For all three versions, this test resulted in 1,522 cases of the canonical
smiles being changed. In 2.3.1, all 1,468 cases with changes going through
mol2 are among the 1,522 that change when you just read and write canonical
smiles. This suggests to me that these 1,468 errors should be blamed on
other parts of openbabel. Briefly looking at some of these cases, it
appears they have lost their aromaticity in the can->mol2 transition.

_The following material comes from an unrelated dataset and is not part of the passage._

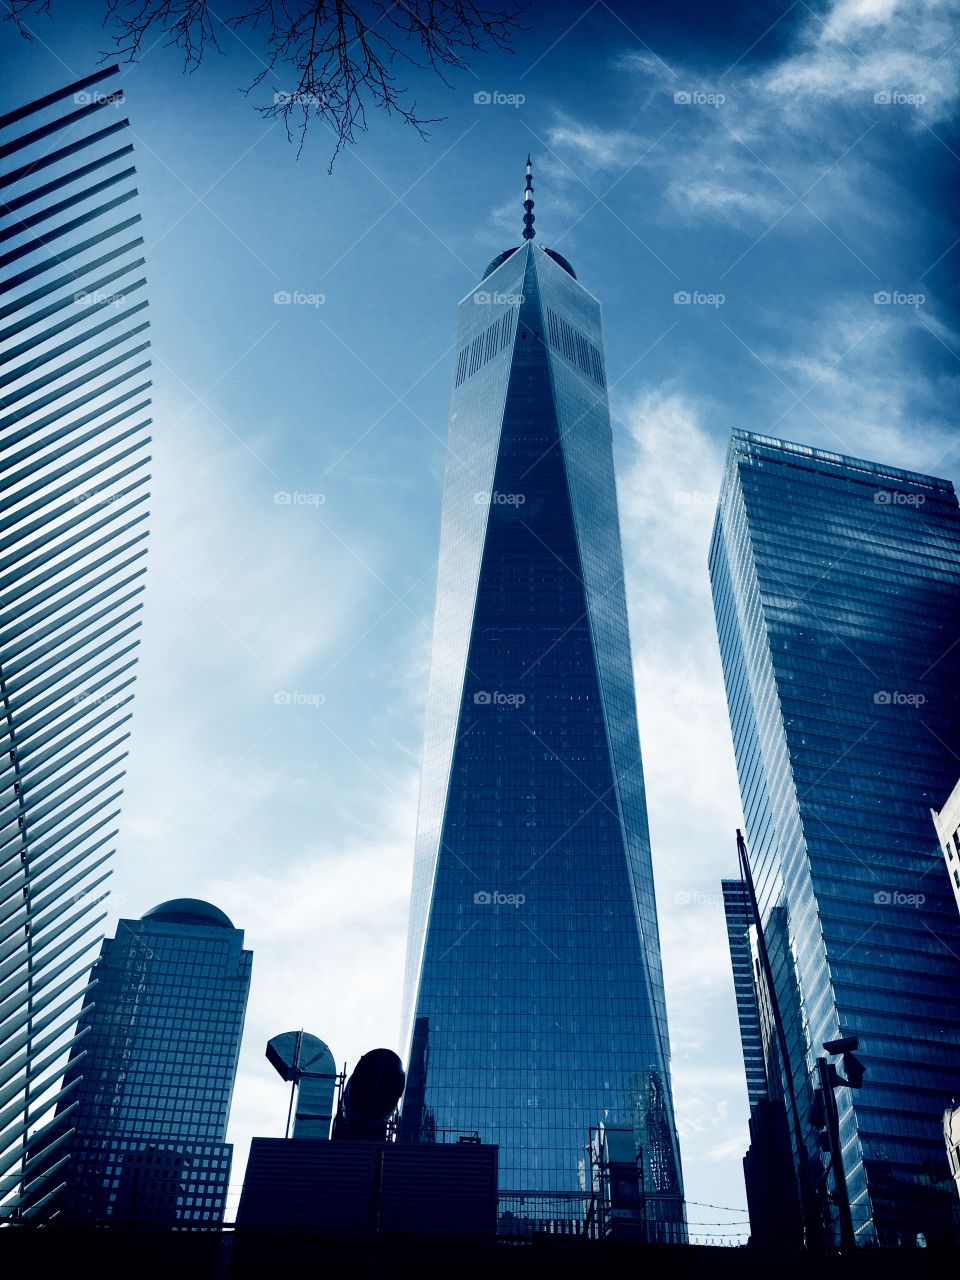 “Freedom Tower”

Since the behavior of directly going can->can did not change in between
versions, nor did the intermediate mol2 files during can->mol2->can, the
increase in failures by 20,000 (out of a set of ~25,000 aromatic
heterocycles) is likely due to changes in the mol2 reader.
-David
On Wed, Oct 9, 2013 at 8:34 AM, David Hall <li...@cowsandmilk.net> wrote:
> Hi all,
>
> I just wanted to mention a bug I filed this morning:
>
> https://sourceforge.net/p/openbabel/bugs/897/
>
> Basically this patch to the mol2 reader:
>
> https://github.com/openbabel/openbabel/commit/097636fd7cdba1c842d27a80ccab809c558d0b98#diff-d6e9941b72192e2ba1a2d244948450ae
>
> breaks aromaticity for 1,5,6,7-Tetrahydro-4-indolone. That said, it does
> fix aromaticity for pyridinium, which was its purpose.
>
> Any help or insight into fixing would be appreciated.
>
> Thanks,
> David
>
------------------------------------------------------------------------------
October Webinars: Code for Performance
Free Intel webinars can help you accelerate application performance.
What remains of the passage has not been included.